If we’re talking about graduation night or prom night, you probably already know about the risks. These are occasions when even the most responsible kids can run into trouble with alcohol, marijuana or harder substances they would typically avoid. Graduation and prom are like rites of passage for adolescents, which means young people see them as doorways through which they must pass in order to make the transition from childhood to adulthood. In this case, the rules are off (those are for kids!), and some teens will do just about anything if they think it proves they are all grown up.

It is a mistake, however, to focus so heavily on these special events. Substance use problems that develop over the long term are the biggest problems. You might know a few kids from school who come from tough backgrounds or who’ve been getting into trouble for a long time. When you see them abusing drugs or alcohol, you probably figure it was inevitable and has no relevance to you. But the sad fact is every single person, of any age, who chooses to drink or use could end up an addict.

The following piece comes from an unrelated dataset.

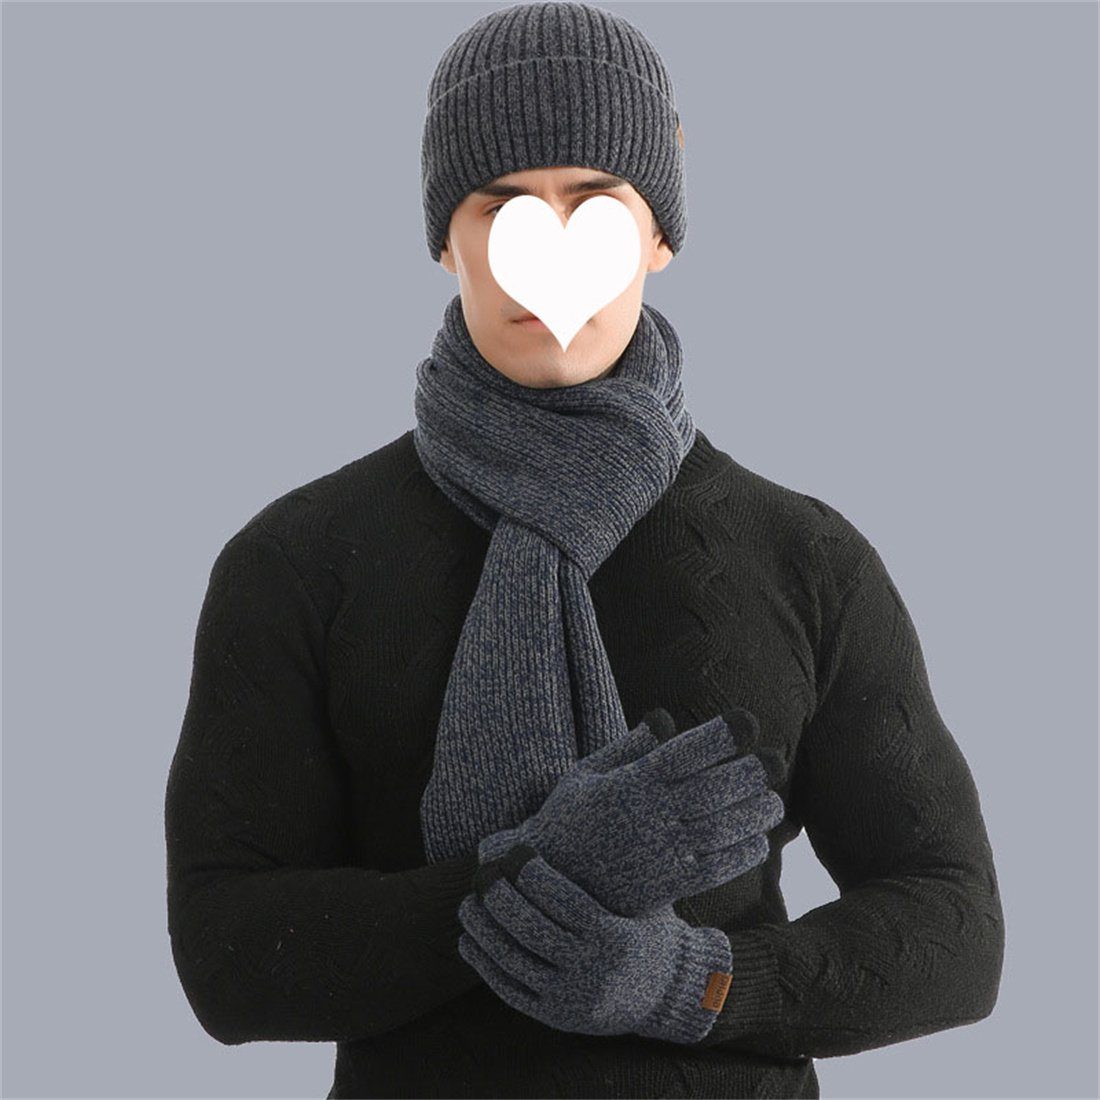 DÖRÖY Handschuhe verdickter aus Wolle,Warmer Strickmütze Wintermütze Mützenschal 3er Set blau

It is just that simple; while there are a few self-destructive people in any crowd, the vast majority of teens who try drugs or alcohol never think they will end up addicted. And if you have any doubts about that, just ask them—all around you are kids who’ve either messed up in the past or are messing up right now, thanks to the drugs and alcohol that are twisting them into pretzels. Some might be in denial about their problems, but of course that only proves the point—they can’t or won’t admit the truth about their addictions because they never believed they were at risk of getting addicted in the first place.

What It Really Means to Be an Adult

Teens don’t need a lecture and they don’t need anyone exaggerating the risks. So many young lives have been damaged by drugs and alcohol—some permanently—that examples of it are easy to find.

Just open your eyes and look around you, and you will quickly realize this is true. If you insist on drinking and drugging, none of your hopes, dreams or life ambitions are secure. The proof of that is widely available and right in front of your face.

Of course you might make it through, even if you take the risk. You might graduate at the top of your class and eventually put your alcohol or drug use behind you. Then again, you might not; that is a fact, and you should proceed cautiously as you make decisions that on the surface seem casual but might very well be putting your entire future in the danger zone.